Complexity science is an emerging area of systems thinking and modelling.  It is not a single theory and is highly interdisciplinary. Rather than focusing on the elements of a system it focuses on the interconnections between them. It can be used to aid the understanding of mechanisms through which unpredictable, unknowable and emergent changes may happen. It also recognises that with complex systems the best course of action may be highly context dependant.

Most analysis of future events looks at the likelihood of it occurring and the wide range of potential impacts. In many cases system dynamic modelling will be used. However, future events can be caused by a wide range of interconnected element and random events, with outcomes that cannot be predicted.

There is increasing understanding of the underpinning theories of complexity science and the potential applications to real world problems. It is likely that as the science progresses it will have an increasing role to play on anticipating the future.

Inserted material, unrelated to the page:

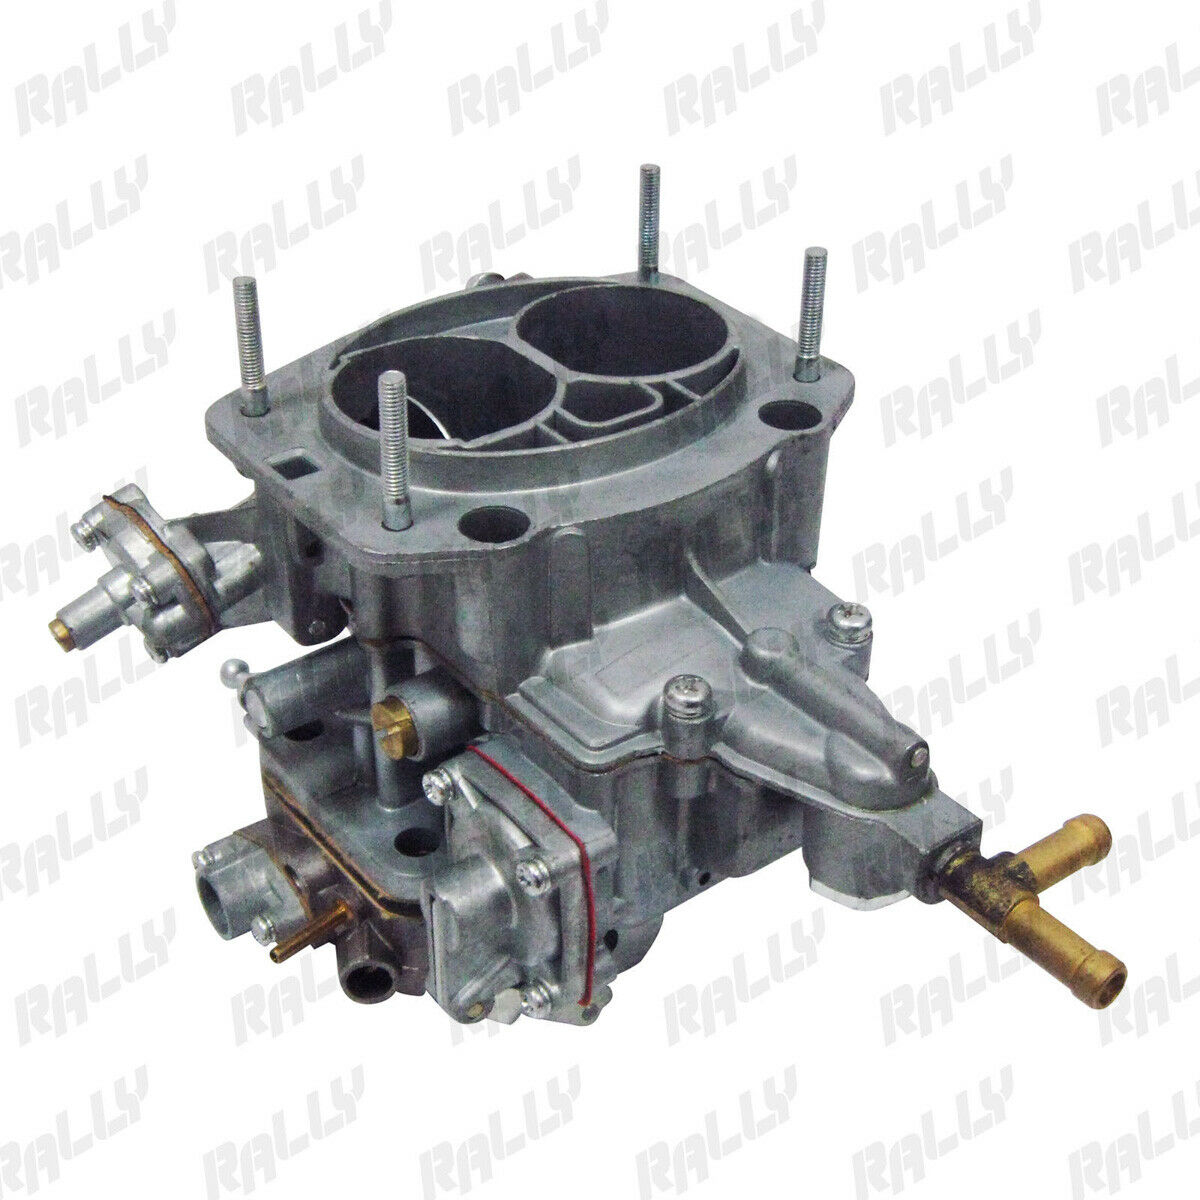 Carburetor 32X36 For 2105 Lada Niva Fiat Renault Monza Corcel Fiat 4 Cyl (551)

The differences between system dynamic modelling and complexity science are summarised in the following table:

System dynamic modelling Complexity science
Dominant rules and potential equilibrium Tends to defy calculated equilibrium
‘Control system’ that guides and shapes Possibility of self organisation
Elements of system can be understood Elements interdependent and change with context
Rational process and predictable results Dynamic processes defies prediction
Changes with rules based learning Perpetual change, so learning is a constant factor

One on the current problems in the analysis of future events is the difficulty understanding the complex web of interdependences associated with them.  As complexity science progresses, it could play a role in addressing these interdependences.